++++ Provided material ++++
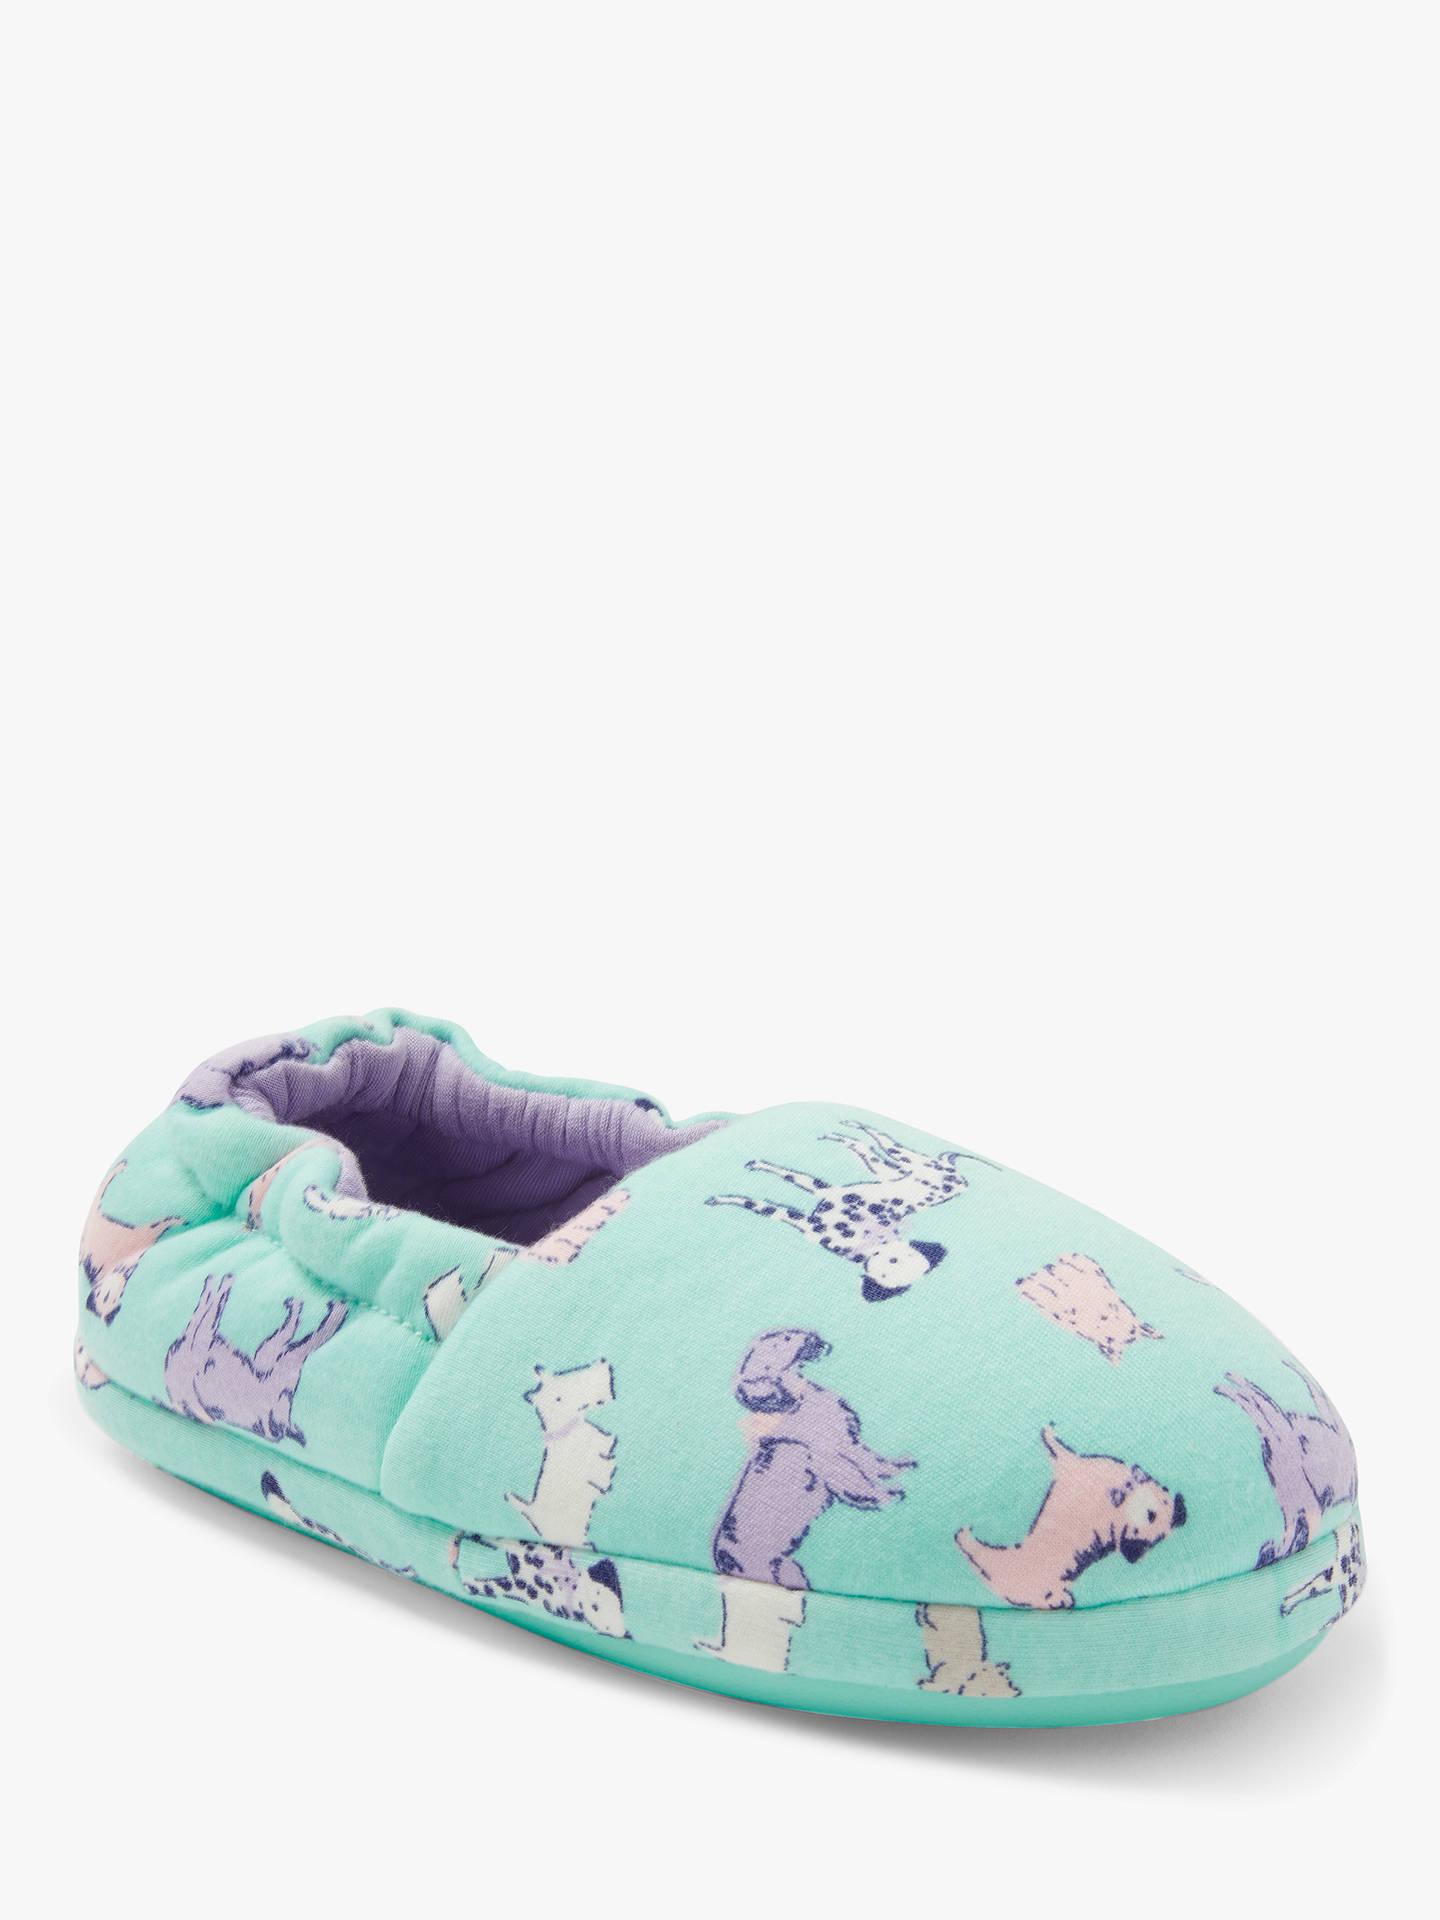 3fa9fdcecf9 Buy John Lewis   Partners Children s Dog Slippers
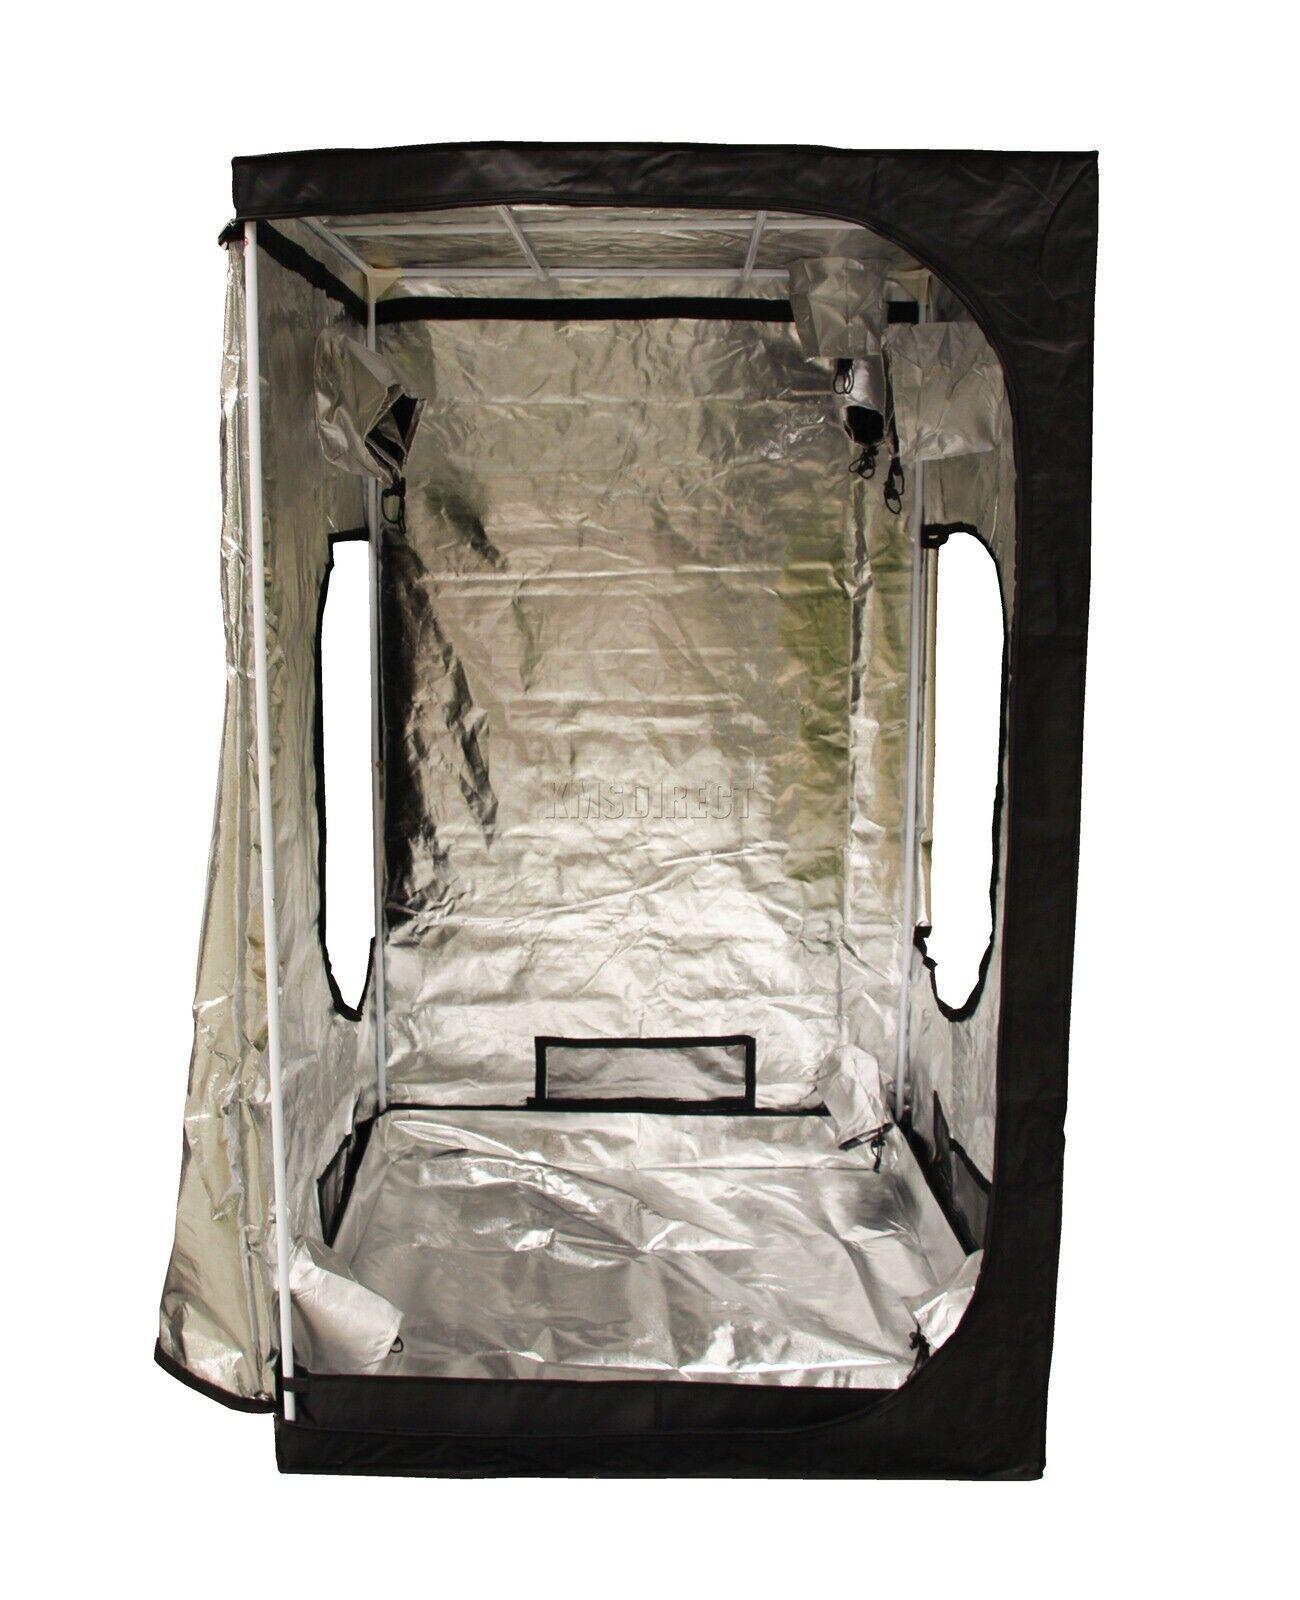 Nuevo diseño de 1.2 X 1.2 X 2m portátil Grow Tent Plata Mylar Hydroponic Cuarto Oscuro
++++
++++ Provided material ++++
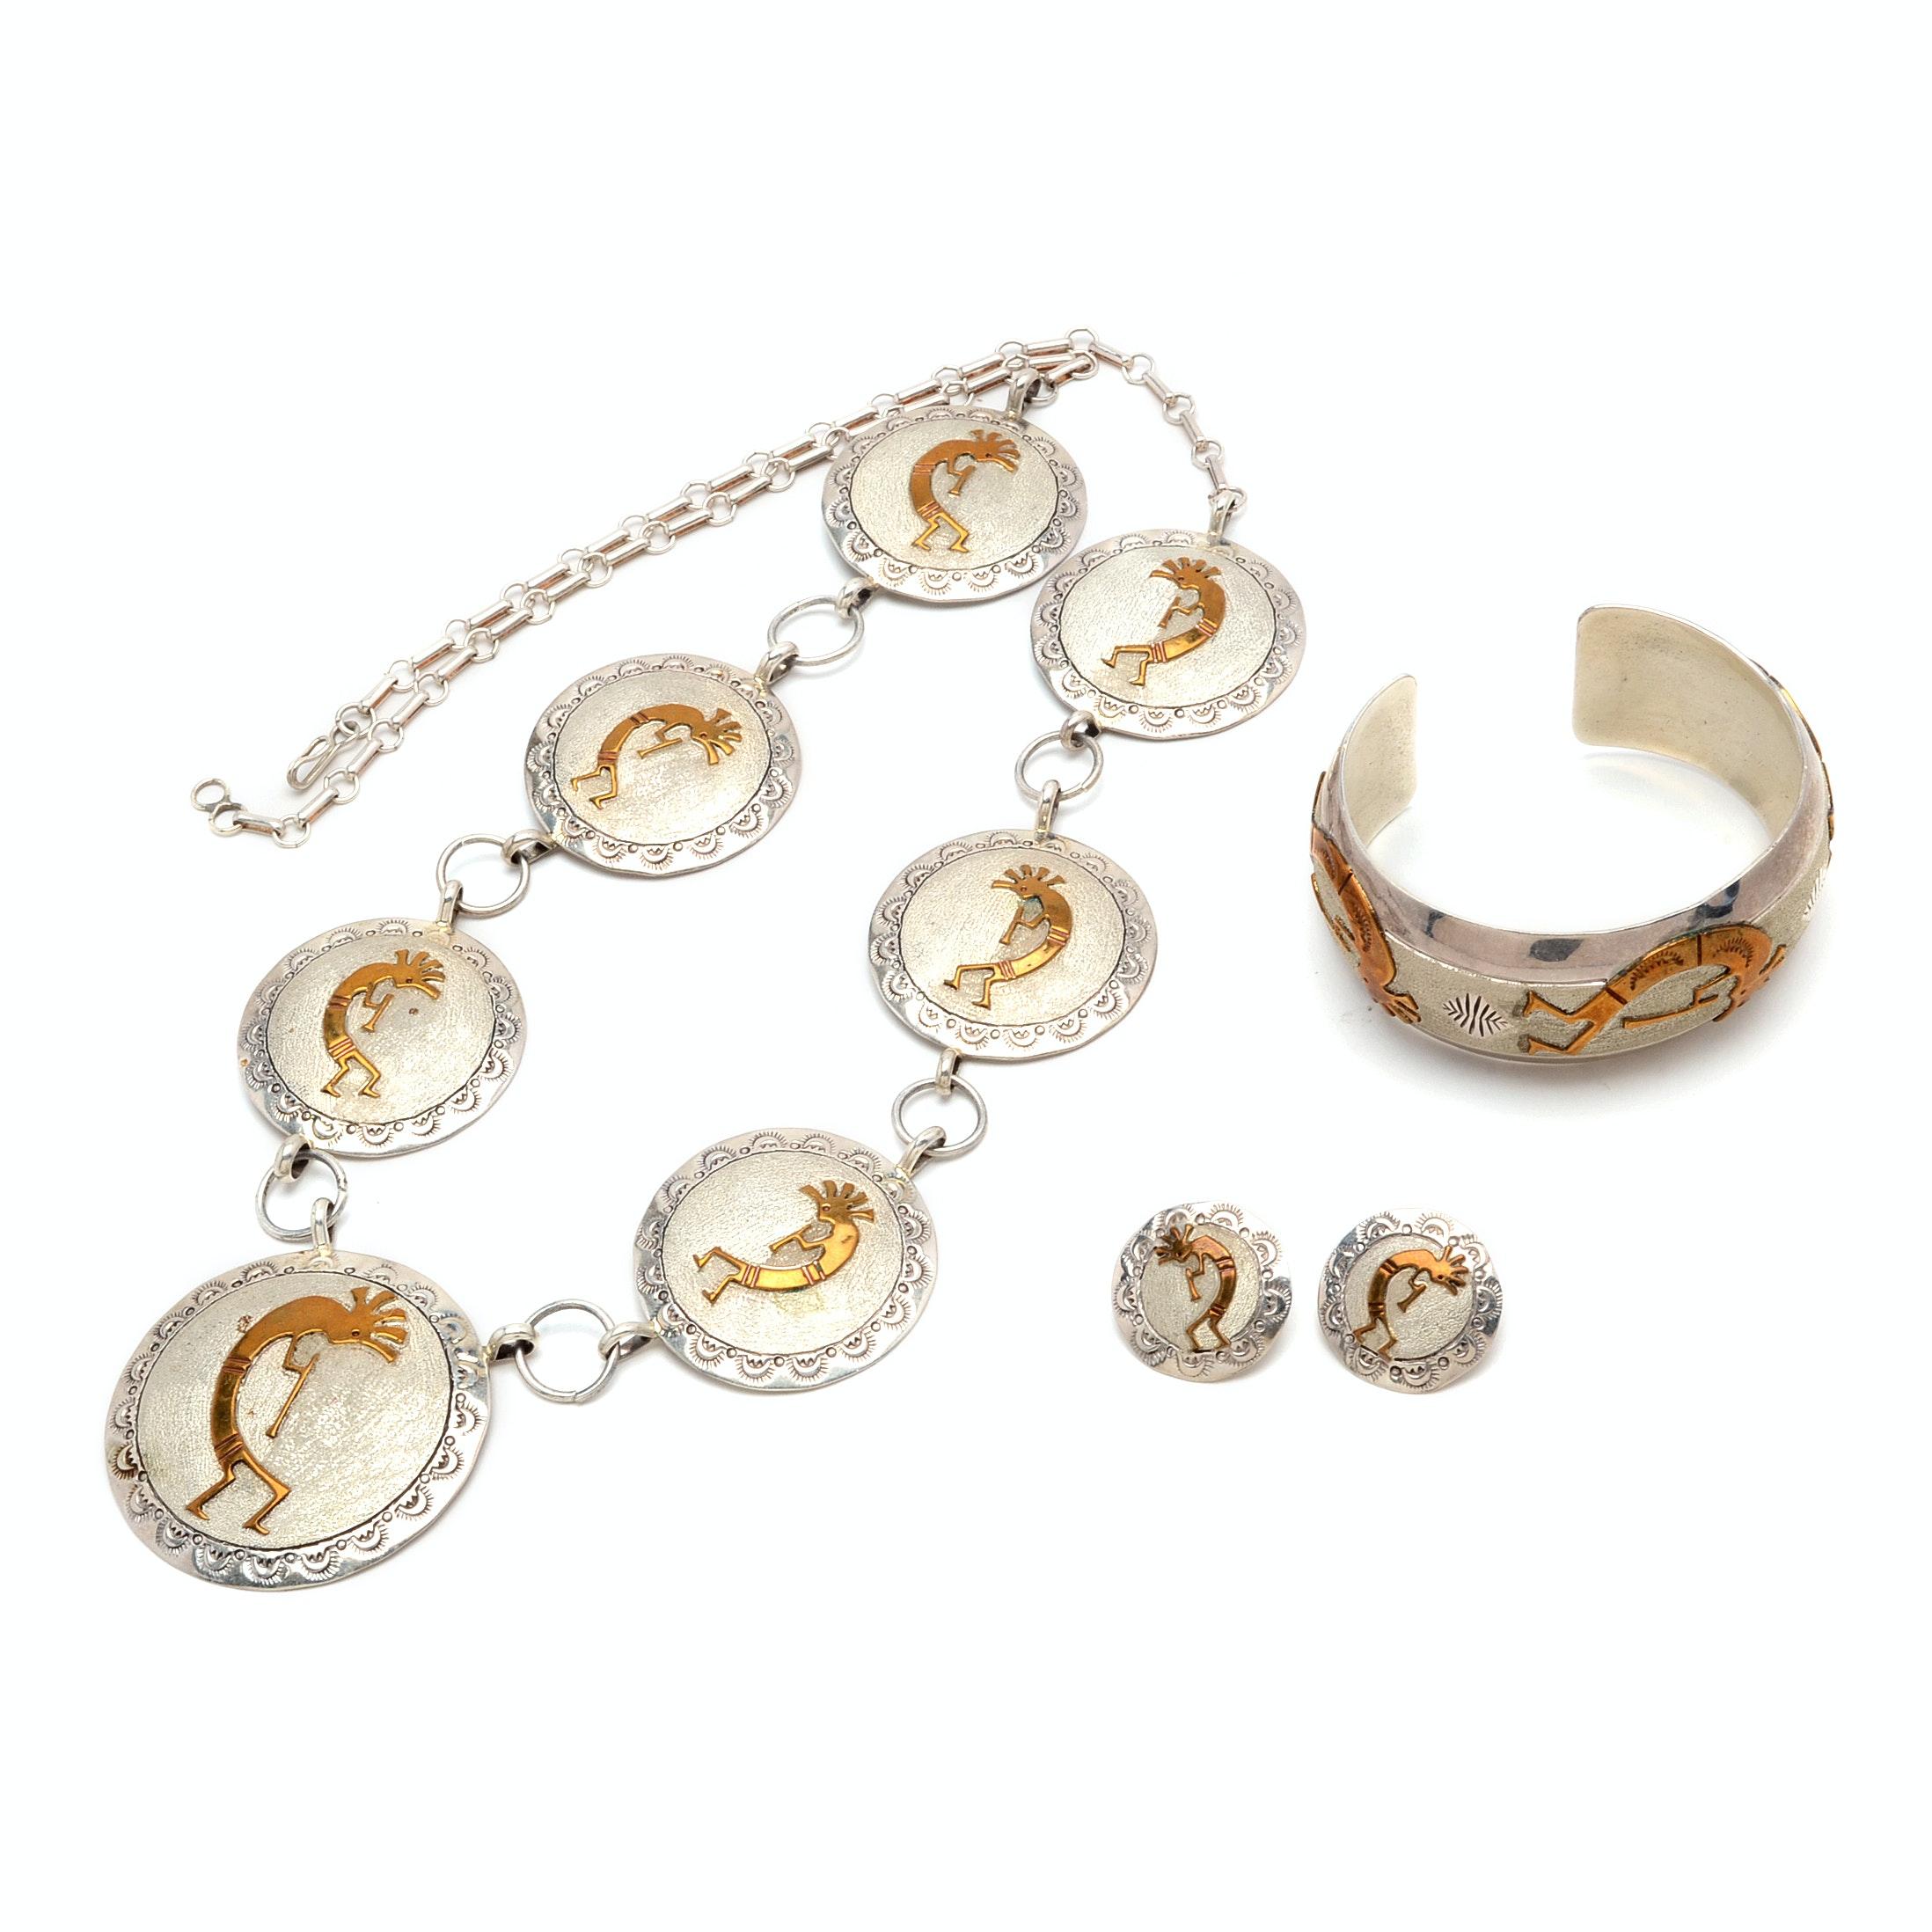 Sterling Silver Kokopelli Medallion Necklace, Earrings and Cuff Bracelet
++++
Task item. What you write out is the stretch of entries from the line containing "3fa9fdcecf9 Buy John" to the line containing "Nuevo diseño de", word for word, with both end lines and no pictures.

Answer to this problem.
 3fa9fdcecf9 Buy John Lewis   Partners Children s Dog Slippers
 Nuevo diseño de 1.2 X 1.2 X 2m portátil Grow Tent Plata Mylar Hydroponic Cuarto Oscuro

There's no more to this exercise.